Create Chunks in a Sharded Cluster在分片群集中创建区块

In most situations a sharded cluster will create/split and distribute chunks automatically without user intervention. 在大多数情况下,分片集群将自动创建/分割和分发块,而无需用户干预。However, in a limited number of cases, MongoDB cannot create enough chunks or distribute data fast enough to support the required throughput.然而,在数量有限的情况下,MongoDB无法创建足够的块或以足够快的速度分发数据以支持所需的吞吐量。

For example, if you want to ingest a large volume of data into a cluster that is unbalanced, or where the ingestion of data will lead to data imbalance, such as with monotonically increasing or decreasing shard keys. 例如,如果要将大量数据摄取到不平衡的集群中,或者摄取数据将导致数据不平衡,例如单调增加或减少分片键。Pre-splitting the chunks of an empty sharded collection can help with the throughput in these cases.在这些情况下,预先分割空分片集合的块有助于提高吞吐量。

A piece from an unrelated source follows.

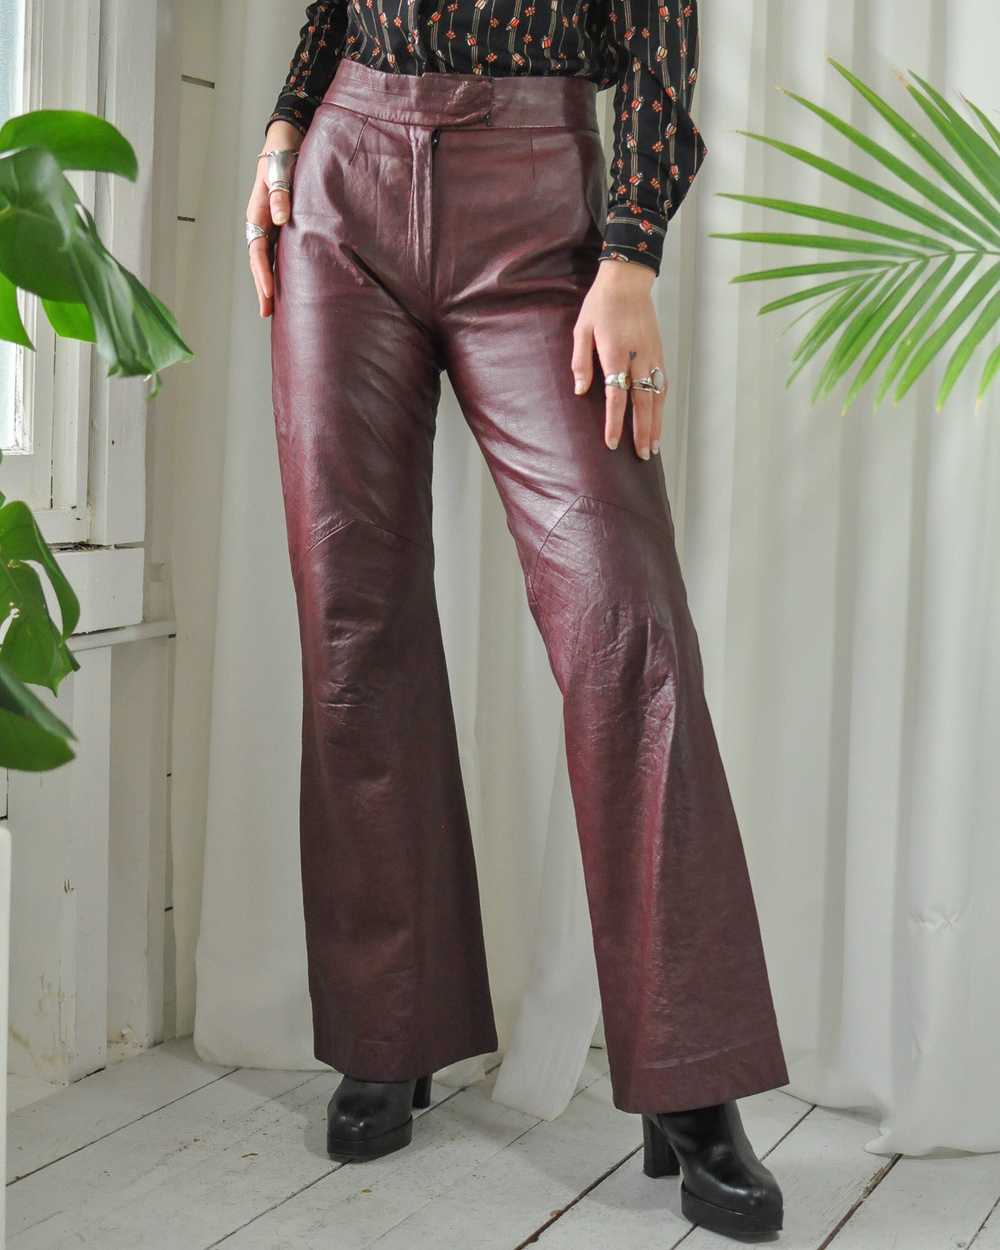 70s Burgundy Leather Pant Suit - image 8

Alternatively, starting in MongoDB 4.0.3, by defining the zones and zone ranges before sharding an empty or a non-existing collection, the shard collection operation creates chunks for the defined zone ranges as well as any additional chunks to cover the entire range of the shard key values and performs an initial chunk distribution based on the zone ranges. 或者,从MongoDB 4.0.3开始,通过在对空集合或不存在的集合进行分片之前定义区域和区域范围,分片集合操作会为定义的区域范围以及任何其他块创建块,以覆盖整个分片键值范围,并基于区域范围执行初始块分配。For more information, see Empty Collection.有关详细信息,请参阅清空集合

Warning警告

Only pre-split chunks for an empty collection. 空集合仅预拆分块。Manually splitting chunks for a populated collection can lead to unpredictable chunk ranges and sizes as well as inefficient or ineffective balancing behavior.手动拆分填充集合的块可能会导致不可预测的块范围和大小,以及低效或无效的平衡行为。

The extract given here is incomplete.